One of the reasons why life here is so opaque, is partly because of the Portuguese’s contrarianism in selection. His side struggled to cut through West Brom’s forest of centre-halves at the weekend and, in retaliation against an Everton team whose obdurate middle makes them mildly comparable, his teamsheet here was surely begging for incision.

But it lacked any such edge: Marcus Rashford and Jesse Lingard started in the wide areas and were initially lively, but United were troublingly static elsewhere. Henrikh Mkhitaryan and Paul Pogba, Mourinho’s most dynamic and creative players respectively, were left on the bench, with Marouane Fellaini charged with providing support to Zlatan Ibrahimovic, and Ander Herrera and Michael Carrick ordered to cut the lines with their passing.

Mourinho emphasised the importance of the first goal pre-game and yet picked a team which wasn’t really equipped to thunder forward. United, as is now their unwelcome default, were laboured and ineffective – an early Ibrahimovic chance aside – and it was Everton who played the more lively football. 

It was also Everton who scored the game’s first goal, Phil Jagielka bending an ageing leg around a loose ball and flicking it beyond David de Gea from close range.

There was a time when going ahead at Old Trafford was an act of war; sometimes visiting sides would catch United on a sleepy day, but then sting them into action with an early goal. Not now. Daley Blind drew a good, reaching save from Joel Robles with a swirling free-kick and Ashley Young drove a dangerous low ball across the penalty box, but the response was largely meek and there was no real hint of that retaliatory ferocity. 

“Who wants it?” bellowed a home fan from behind the dugout whenever United dallied. He had a point.

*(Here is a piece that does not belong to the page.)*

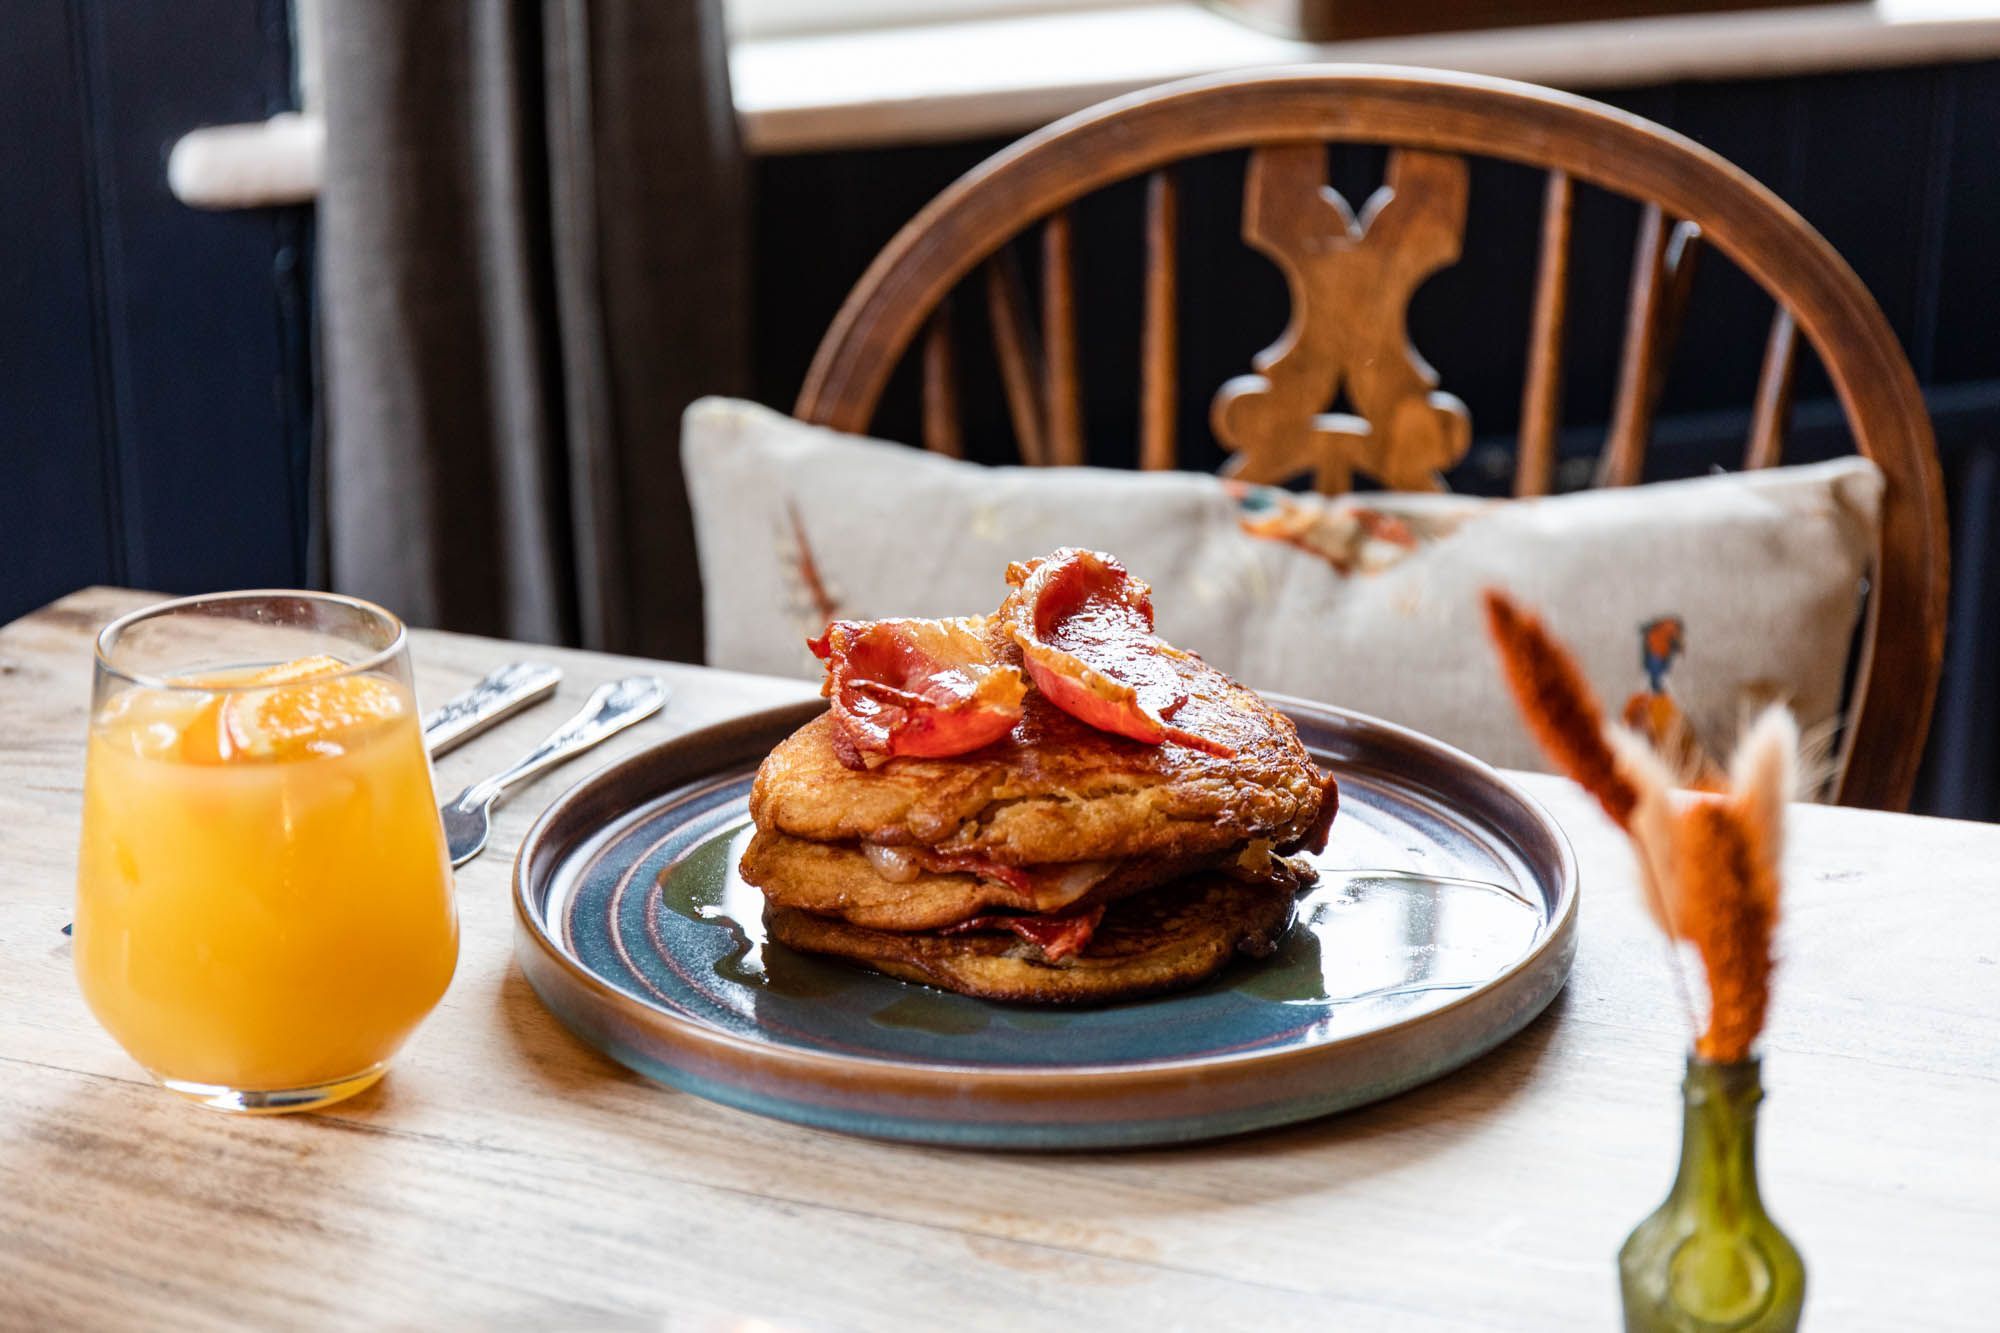 delicious looking American pancakes with bacon strips, covered on syrup and served with glass of orange juice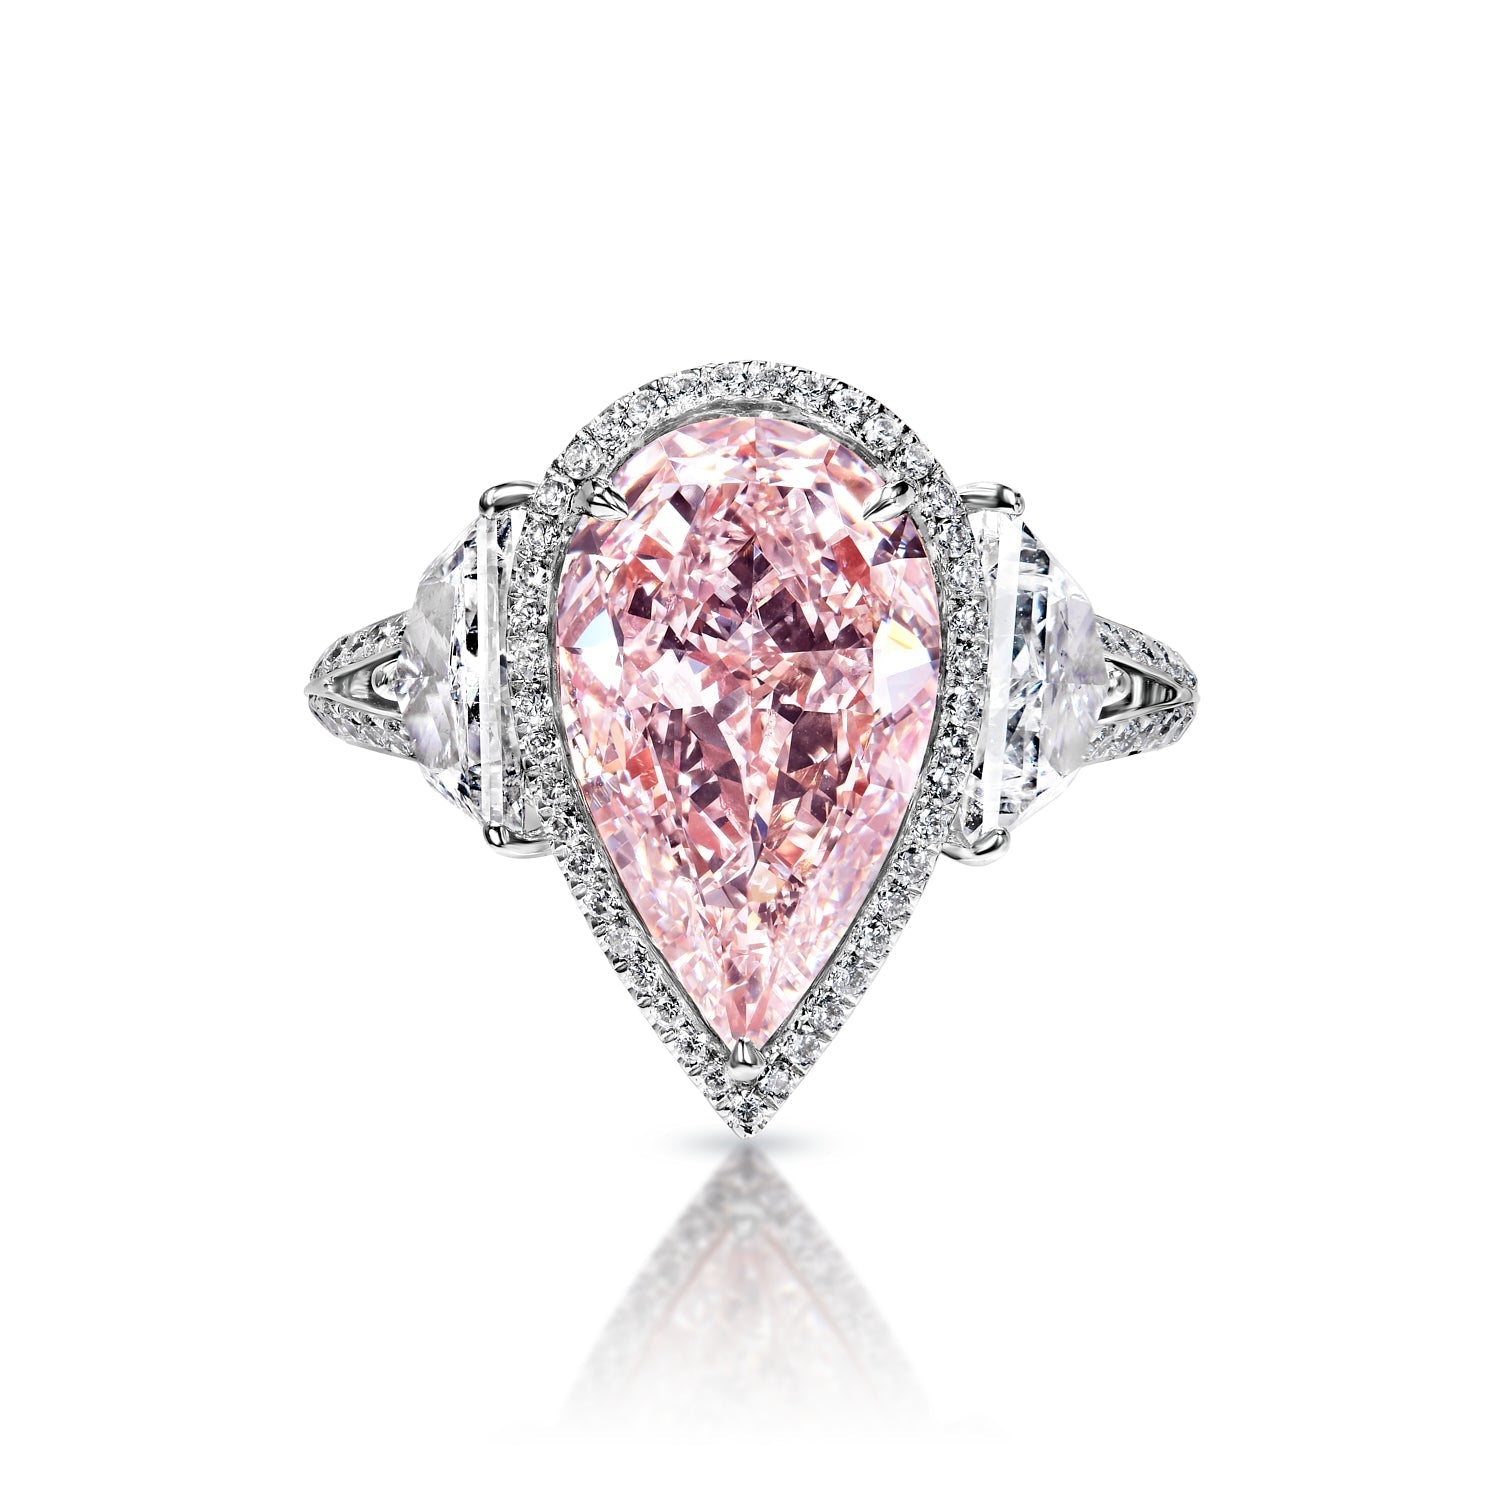 Ximena 5 Carat Light Pink VS2 Pear Shape Diamond Engagement Ring in 18k White Gold Front View

With the second half came Paul Pogba, subbed on to replace Daley Blind as Mourinho repurposed Herrera as first a left-, then a right-back. United didn’t necessarily improve, but the pace of the game quickened: a Pogba header shook the bar, and Old Trafford to life. Soon after, Mkhitaryan was introduced from the bench and, with Young injured, Luke Shaw followed him. 

But if United’s theoretical threat grew, a real one took much, much longer to materialise. Conveniently, that second half supported the most common criticism they face: that their headliners act as a fig leaf for an ugly dysfunction. That's something which shows in the critical moments. When goals are needed and inspiration is sought, the same players are targeted; there’s no obvious belief in an encasing system and that’s likely why this team pursue games in such a chaotic way. Those final, frantic minutes against Everton may have eventually yielded an equaliser, but they were still predicated upon hope rather than expectation.  

It was lottery ticket football. Crosses were played with eyes shut and passes were shovelled wide and towards the box in the hope that someone, eventually, would take responsibility. Really, we’re at Old Trafford and this is Manchester United?

A tactical contradiction

Post-game, Mourinho made a reasonable point. Though keen to re-emphasise that his unbeaten record remained intact, he talked of a collective confidence problem and how that informed his approach. When asked whether he favoured expression or tactical design in defeating the low blocks his side often encounter, he insisted that United’s fading belief made flair impossible and that the only route to goal was direct.

Logical, yes, but not an ailment expected of a team who haven’t lost any of their last 20 games. It's another slightly baffling contradiction. 

Theirs is a squad which refuses to bind and which seems oddly resistant to the Mourinho mastic

United are improving, we’re told, and most statistics seem to imply that they are, but not in a way which feels particularly significant. No matter how distant that last loss becomes, theirs is a squad which refuses to bind and which seems oddly resistant to the Mourinho mastic. And there lies another curiosity: yes, United have their stars, but their civilians aren’t the useless bunch they’re often presented as; there shouldn't be such a stark line between their icons and their everymen. They're comprised of several exorbitantly talented players and a supporting cast of seasoned internationals. Water out of wine? No, not really. 

Mourinho’s mantelpiece is busy with winners' medals from all over Europe – conclusive proof of his ability to blend all sorts of players together – yet this team’s individuals have retained their different densities. Why, what, how? With each passing game there are more questions without answers. 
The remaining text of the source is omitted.